Another passed away today. I lost count now, I think it is 8 total now that have died! I have tried all the things everyone suggested with changing water and still they are dying. Fiesta and Sunkist are doing so bad today, I'm afraid they will be next 

This is Fairy, one of my Favorites after Spectra who was my most favorite Betta. Nothing is working, soon they will all be gone! I'm sooooo very frustrated and am crying so much because no one can help me stop them from all dying!


----------



## bettaluver14 (Dec 15, 2012)

Where have you been buying the bettas?


----------



## Kitty Whiskers (Sep 28, 2009)

The older ones are from PetCo, the younger ones are from a local little pet shop.


----------



## beacon (Nov 18, 2012)

I am soooo sorry. I loved Fairy - so pretty.

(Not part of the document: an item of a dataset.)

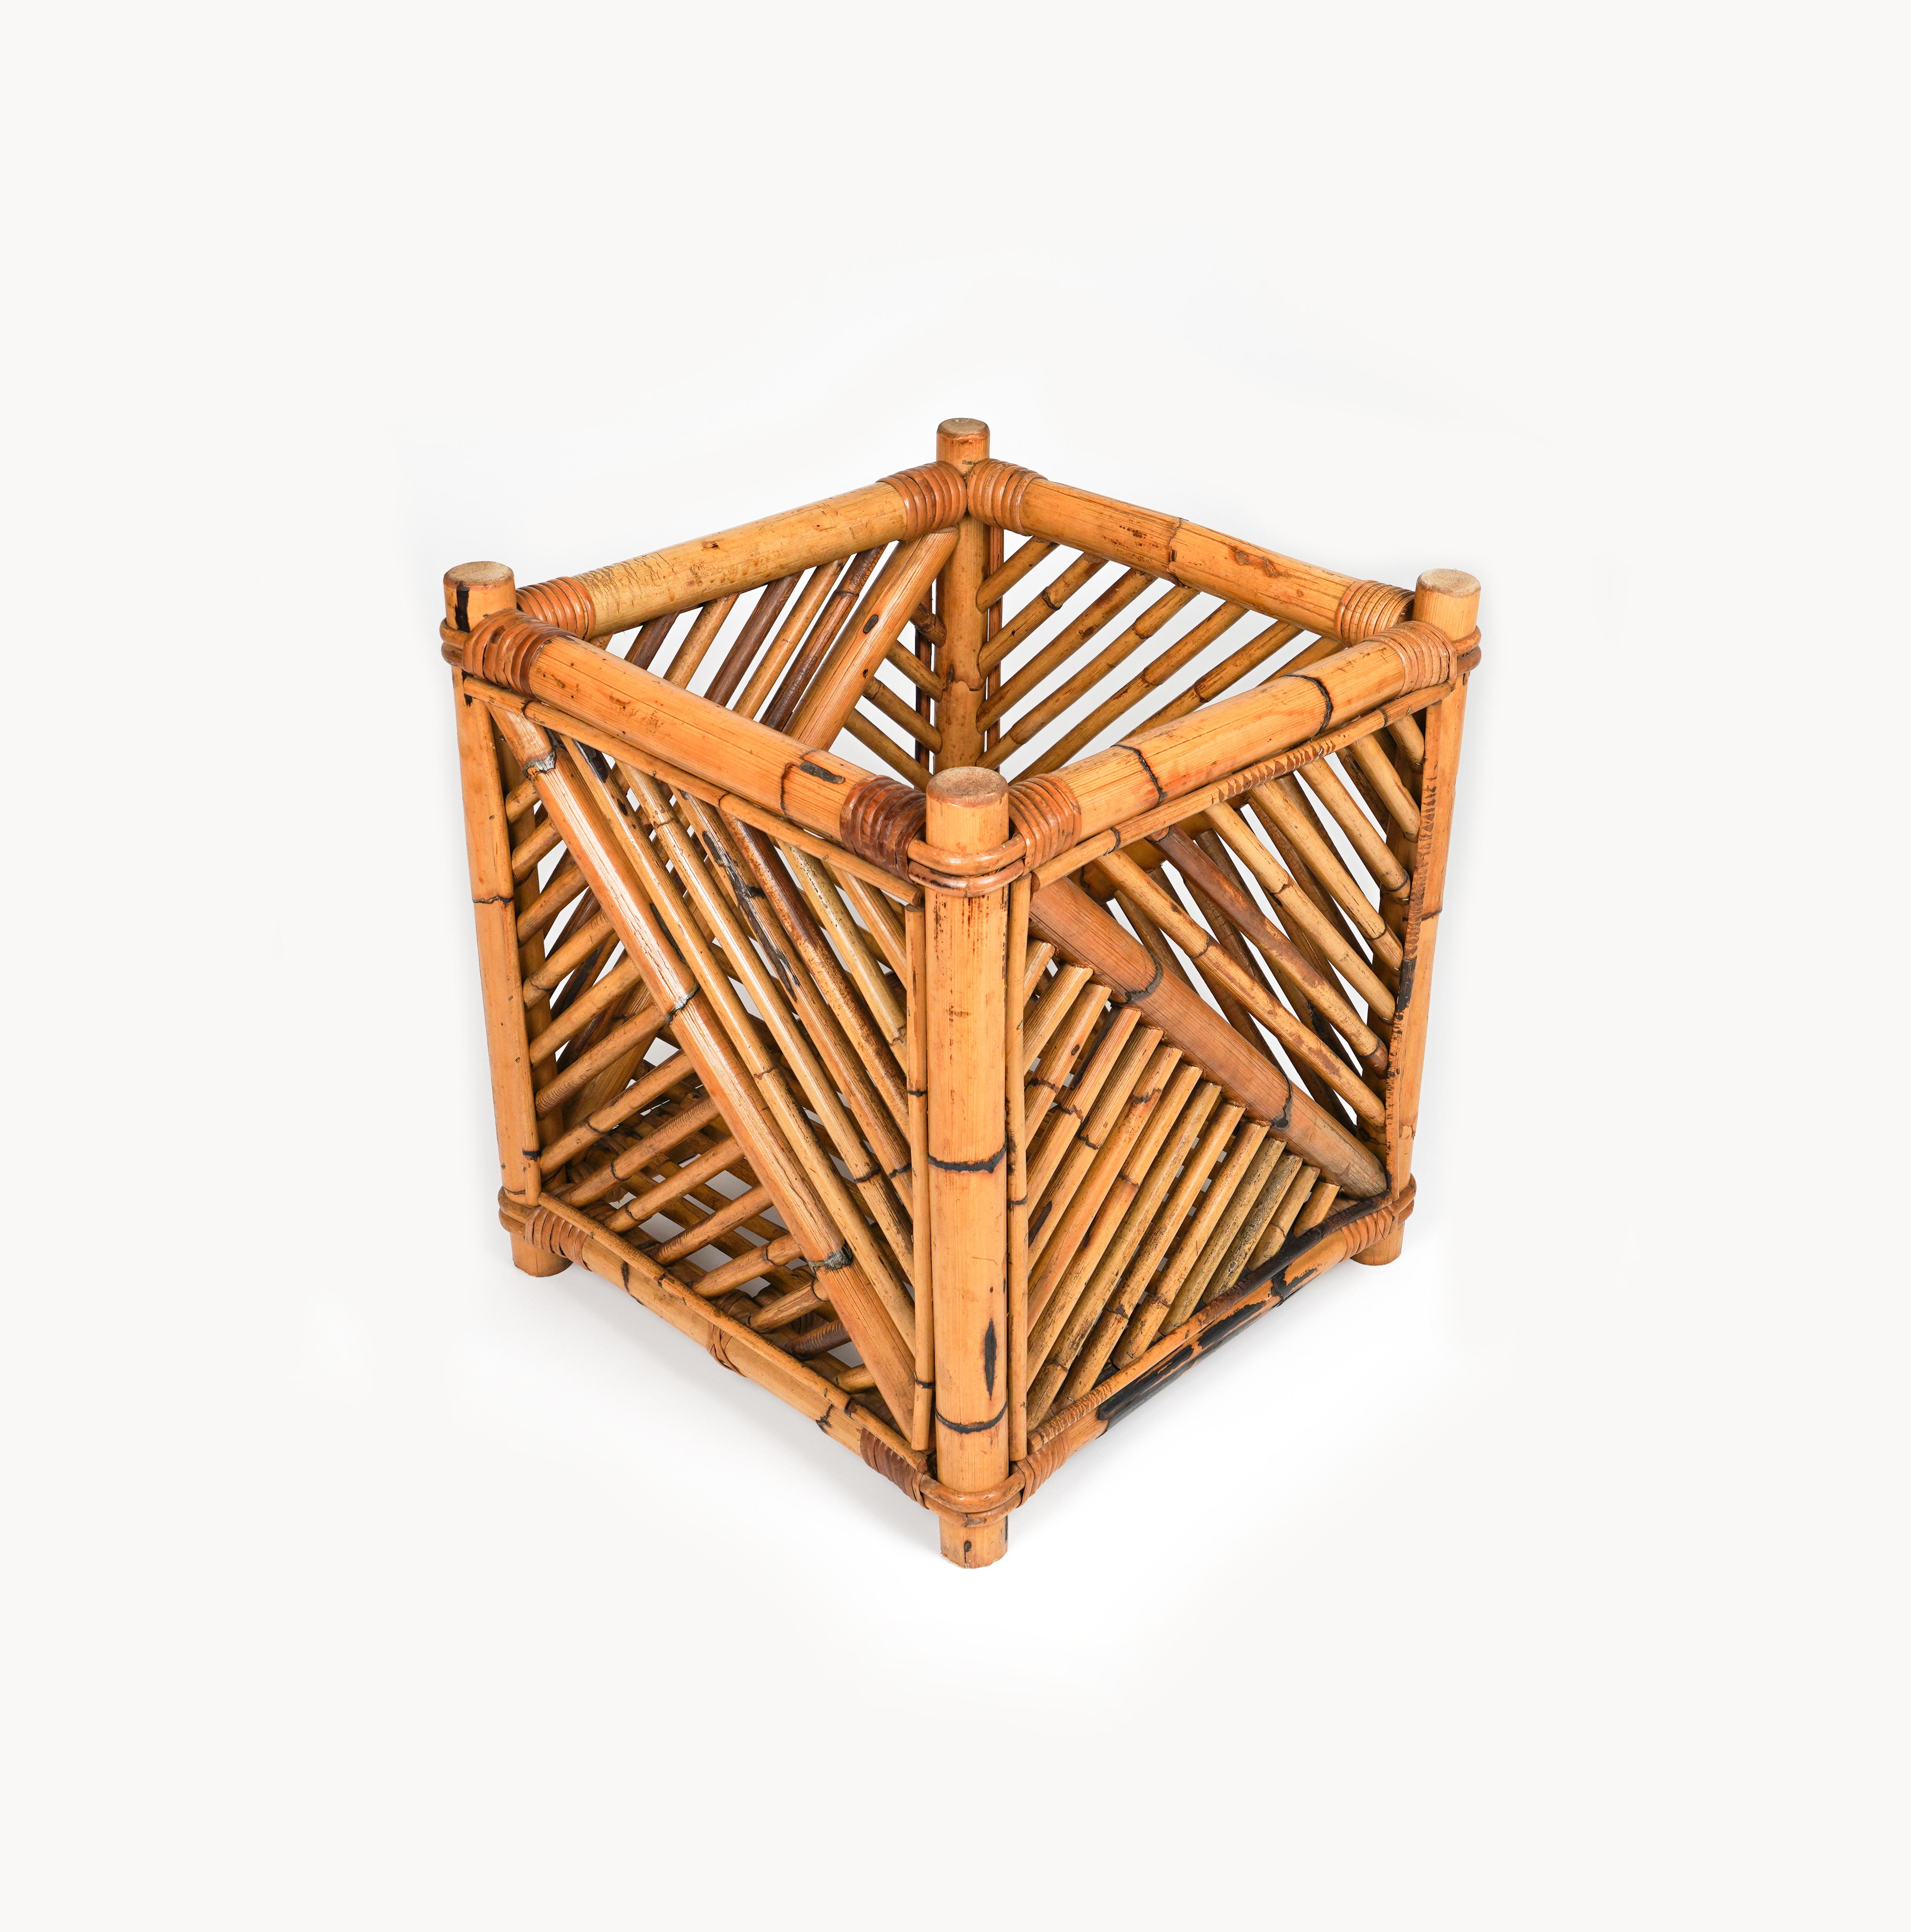 Mid-Century Modern Rattan and Bamboo Plant Holder or Basket by Vivai Del Sud, Italy 1970s For Sale

A few years ago I had fish and they didn't do that well. Now I have fish again and though it is hideously expensive, I am only using Arrowhead spring water for their tanks. It is costly that is for sure, but they are doing well with it. What kind of water are you using? Some tap water has certain chemicals that are very bad for fish and hard to decontaminate. 

That's all I can think of for you right now. I am really sorry


----------



## whatsupyall (Oct 17, 2012)

There can be many things that causes death upon bettas. Can you list what you have been doing? Just top off my head, some of the common killers: cold water, bad quality water, temperature fluctuations, and food.


----------



## LittleBlueFishlets (Nov 10, 2012)

Aw, another one? I am so sorry.... I hope you can figure out what's causing this. Any ideas on the cause? Do you have them all separated from one another, in case it's something contagious? SIP Fairy....


----------